What needs to be done: Transcribe only the part of the material below that begins at the line containing "77a189638a284b Bandiera di" and ends at the line containing "Tommy Jeans Latzkleid", with both kept and images left out.

··· Task material

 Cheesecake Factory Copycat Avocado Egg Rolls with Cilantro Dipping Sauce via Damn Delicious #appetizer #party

······
··· Task material

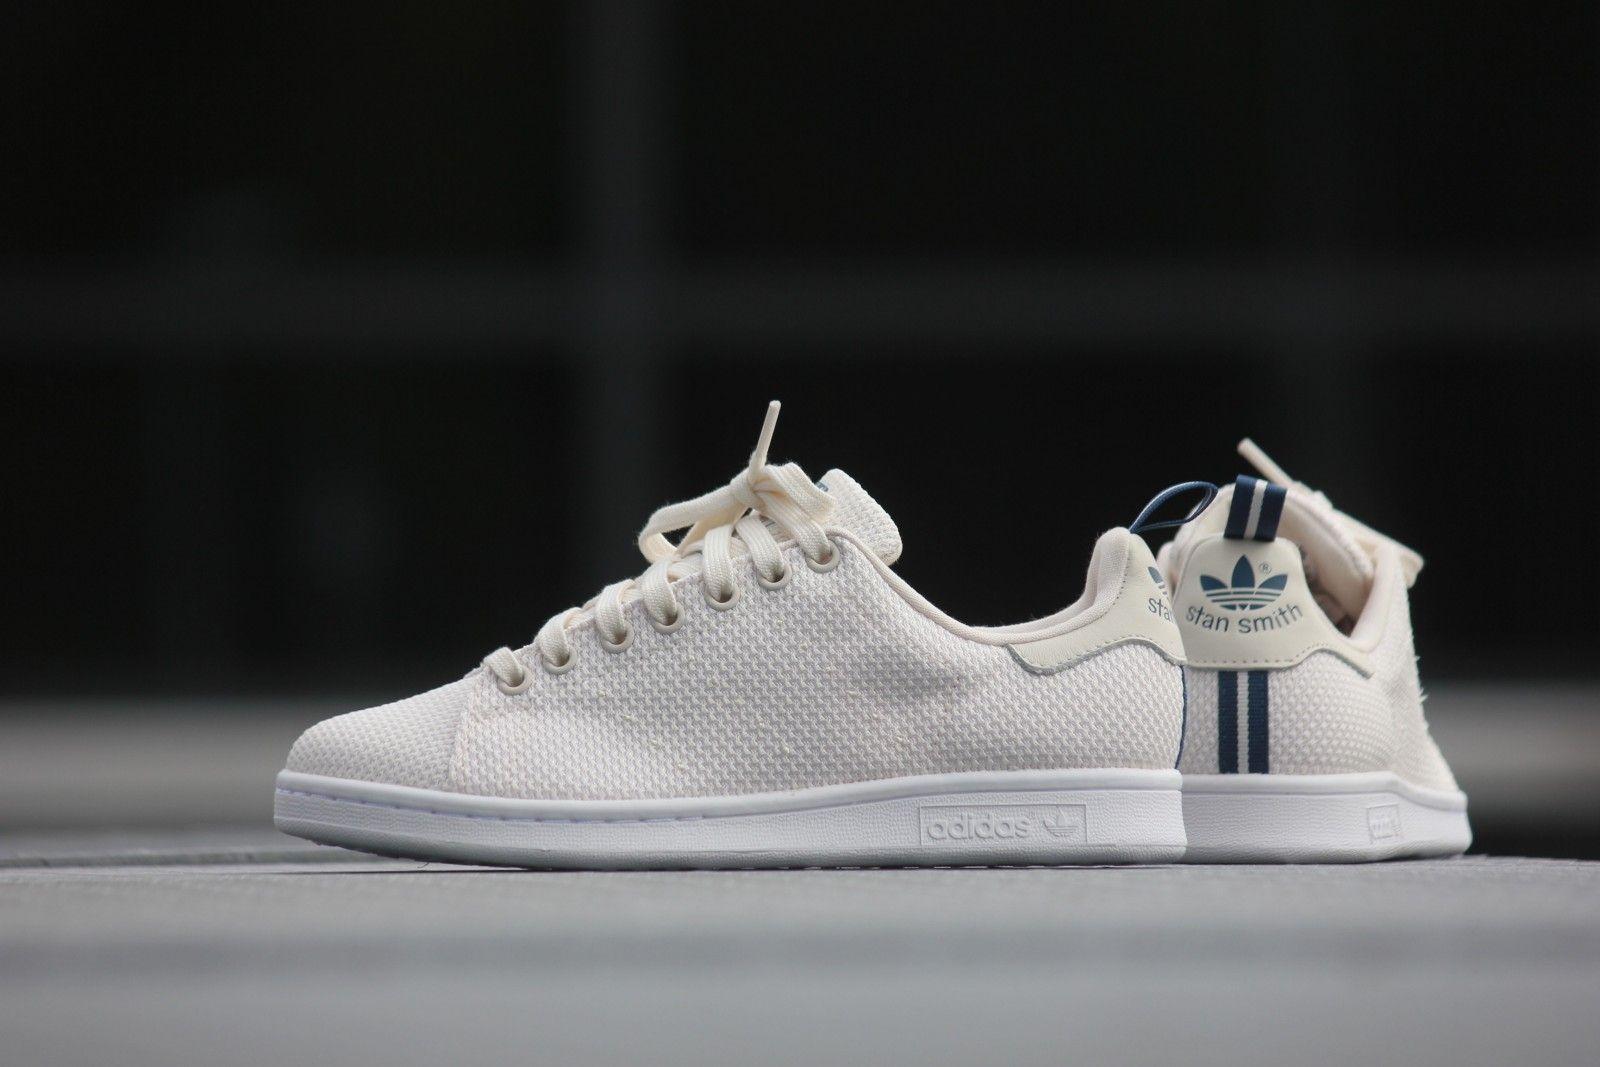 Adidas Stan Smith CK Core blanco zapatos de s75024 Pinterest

······
··· Task material

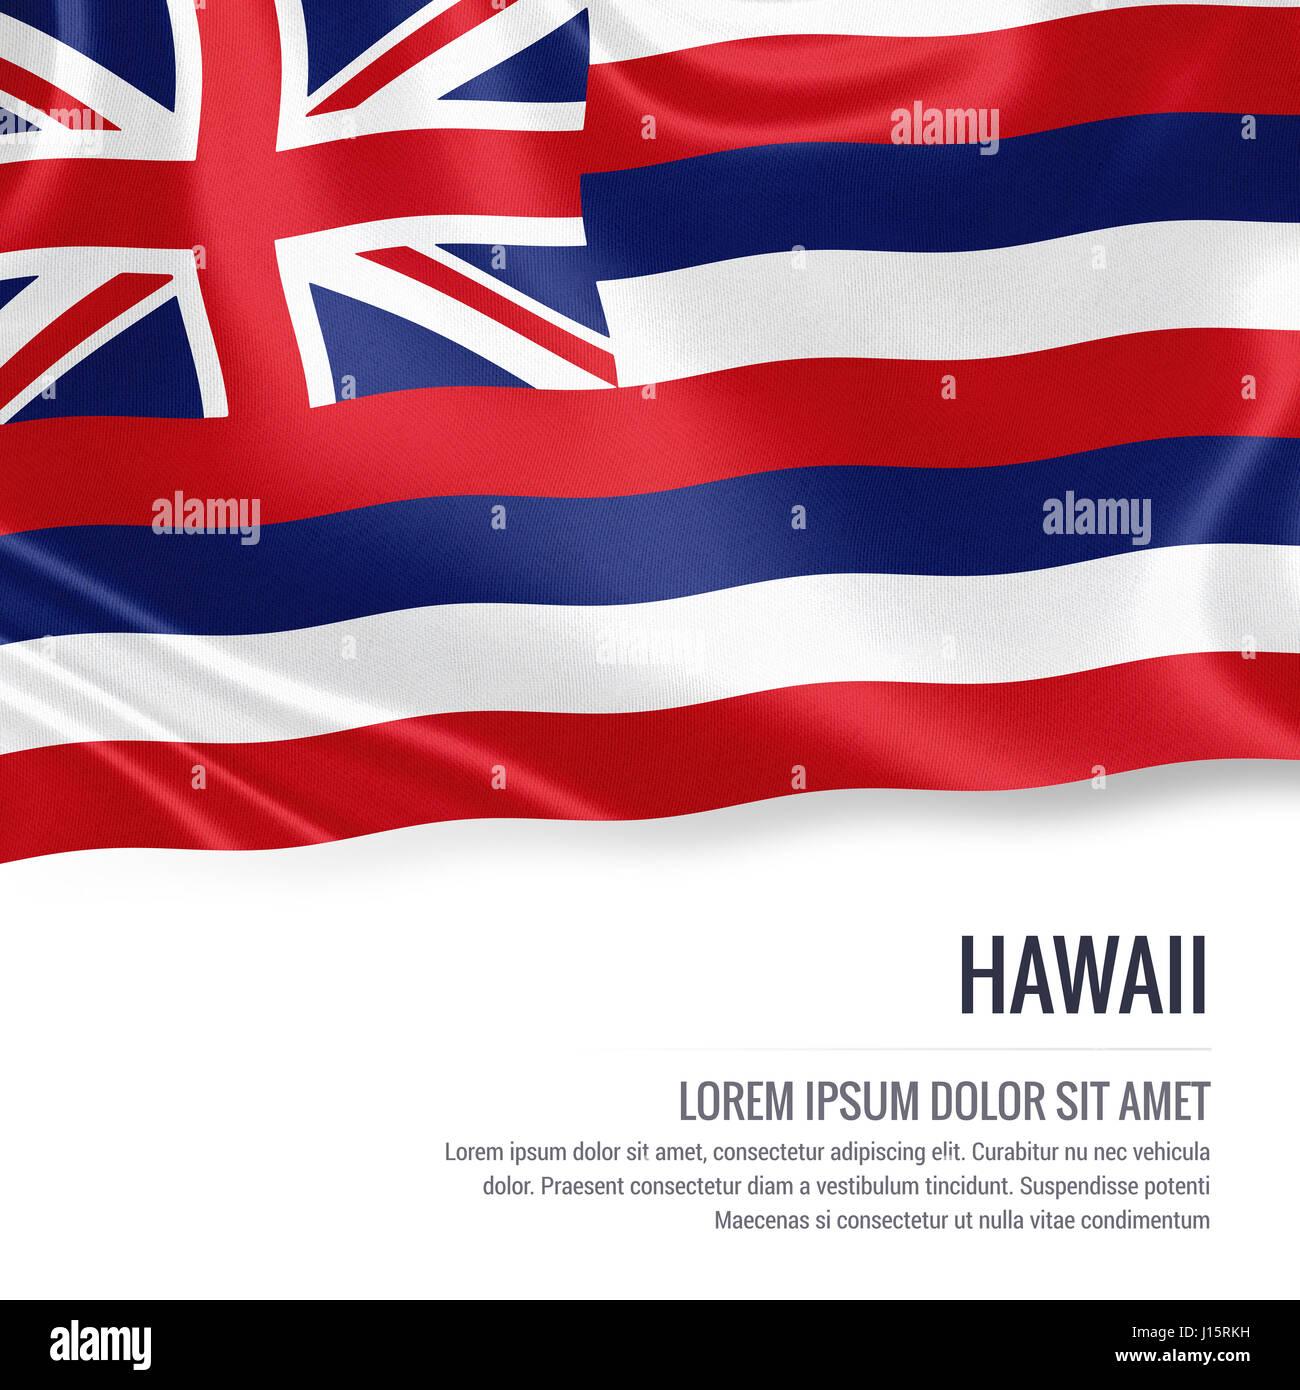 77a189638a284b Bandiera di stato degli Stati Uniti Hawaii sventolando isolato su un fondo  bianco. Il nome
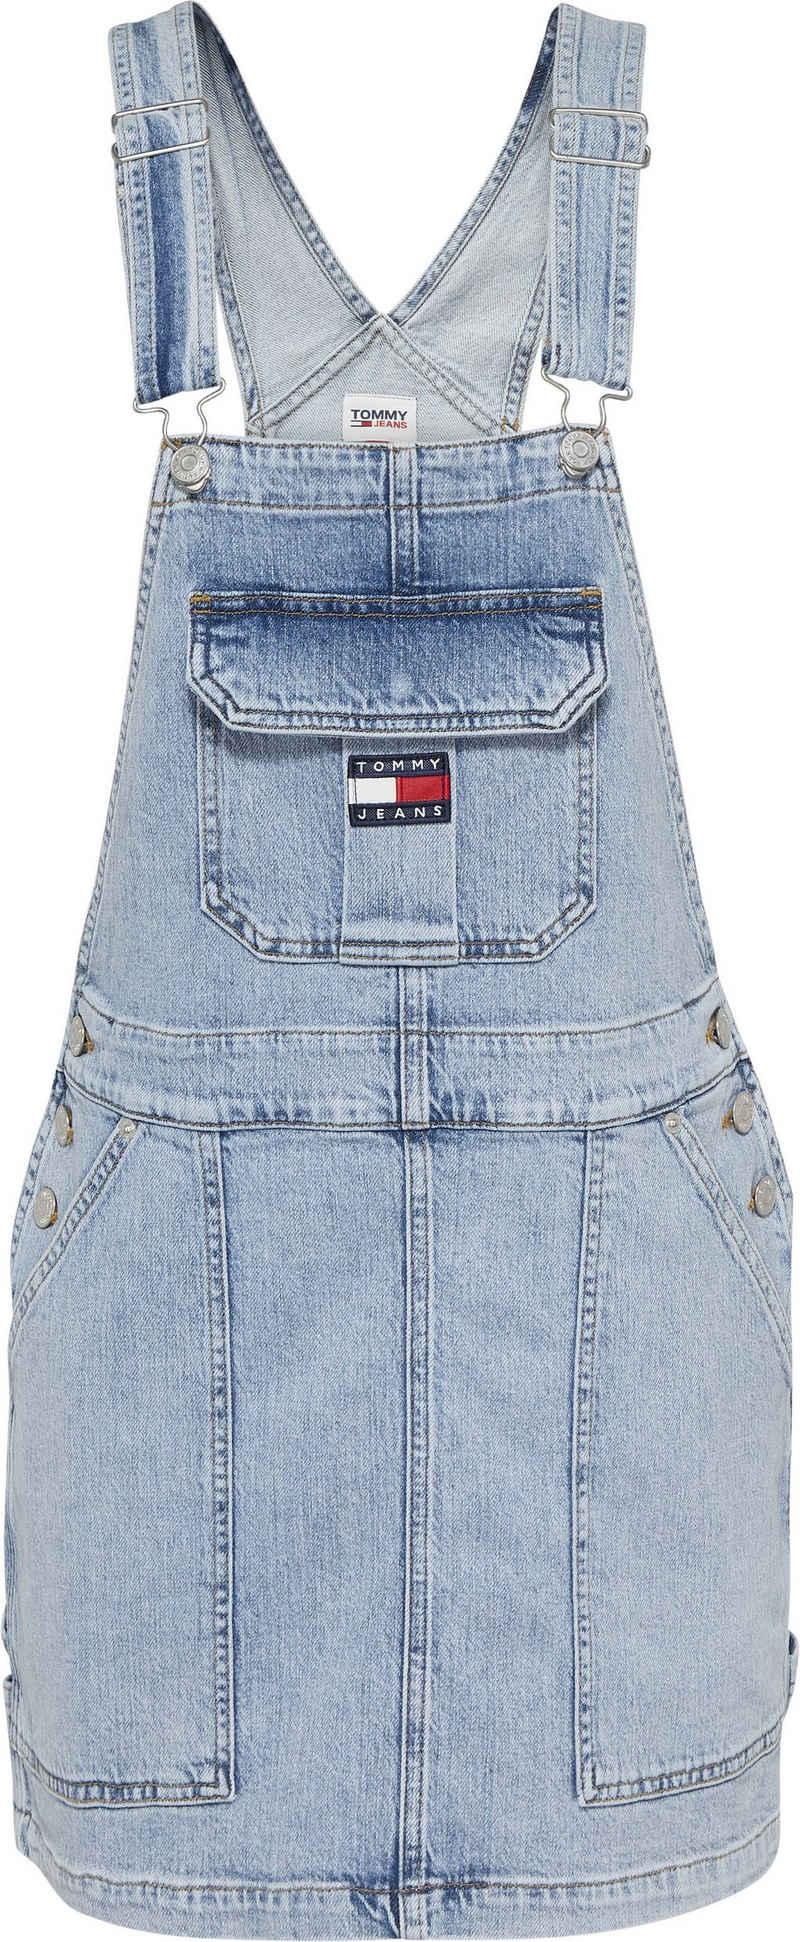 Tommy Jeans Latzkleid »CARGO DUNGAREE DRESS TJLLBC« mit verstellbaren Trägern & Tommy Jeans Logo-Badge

······

Written reply:
 77a189638a284b Bandiera di stato degli Stati Uniti Hawaii sventolando isolato su un fondo  bianco. Il nome
 Tommy Jeans Latzkleid »CARGO DUNGAREE DRESS TJLLBC« mit verstellbaren Trägern & Tommy Jeans Logo-Badge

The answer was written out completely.